Gérard Alaniou fait partie d'un groupe de Français qui a passé la nuit bloqué dans la zone internationale. "On est arrivés [mardi] soir pour prendre notre avion. Juste avant nous, des vols pour Zurich, Tokyo et le vol d'Air France pour Paris sont partis. Nous étions dans la salle de pré-embarquement quand ils nous ont dit que notre vol était annulé. Ils nous ont installés dans le salon de la THAI, on y a dormi sur la moquette. Le personnel nous a apporté des boissons chaudes, des biscuits, [hier] matin un petit déjeuner, et à midi un déjeuner".

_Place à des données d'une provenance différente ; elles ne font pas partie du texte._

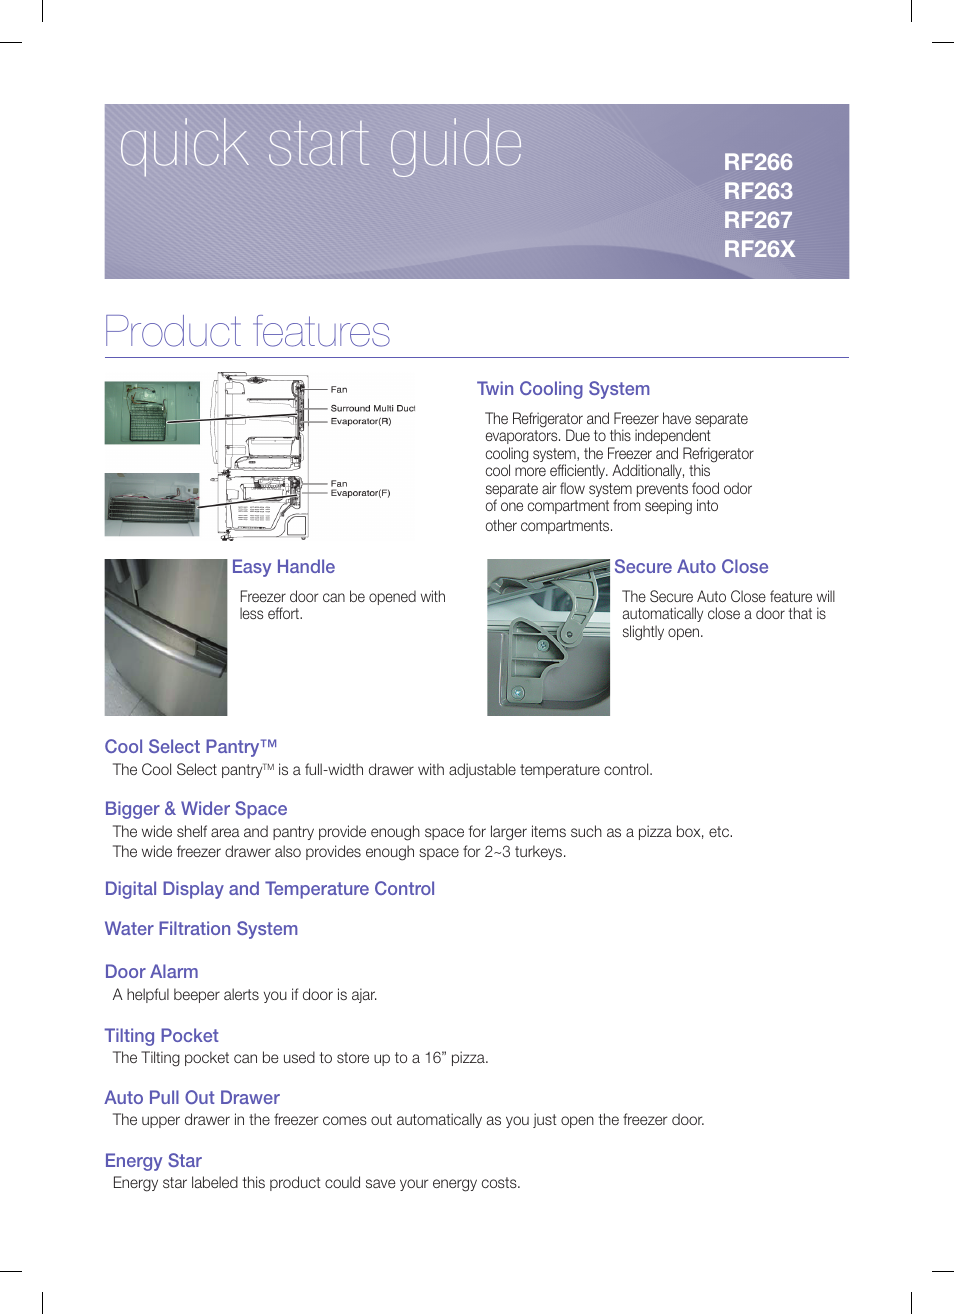 Samsung RF26XAEBP-XAA User Manual | 9 pages | Also for: RF26XAERS-XAA

Vincent Renard était avec un autre groupe de 18 touristes français venus de Normandie. En voyage au Cambodge, ils devaient regagner la France mardi soir, via Bangkok. Ils se sont retrouvés coincés dans la zone de transit international de l'aéroport avec environ 3 à 4.000 personnes. Ils n'ont pu sortir de cette zone que mercredi en milieu de journée, pour être conduits dans un hôtel.

Vaccin SNCF

"Quand on est arrivé, on nous a parlés de retards d'avion, explique le Français, nous avions appris par TV5 Monde qu'il y avait des manifestations. Après ça, on se serait crus en France pendant des grèves de la SNCF, nous n'avions aucune information, rien du tout. On est restés toute la nuit dans l'aéroport. Au bout d'un certain temps ils nous ont nourris tout à fait correctement, le temps qu'ils s'organisent. Ce n'est pas facile avec 4-5000 personnes, dit-il. Mais ils ont l'air passablement débordés. Nous n'avons eu absolument personne parlant français, poursuit-il, et comme nous ne parlons pas très bien anglais, on a eu du mal à saisir quelle était la situation. Finalement on a réussi à comprendre qu'ils voulaient la démission du premier ministre, donc ils ont pris l'aéroport en otage et les passagers avec. Le problème c'est qu'on ne sait pas du tout ce qu'ont fait les autorités françaises. L'ambassade brille par son absence".

Peu avant 13h, des centaines de passagers ont commencé à être évacués lentement vers la ville à bord d'autobus. Au moment de l'évacuation des voyageurs, alors qu'il ne restait plus que les gens de l'APD, un sentiment d'inquiétude était perceptible parmi les manifestants, la peur d'une évacuation violente. Vers 21h, il restait encore quelques voyageurs qui n'avaient pas été informés de l'évacuation.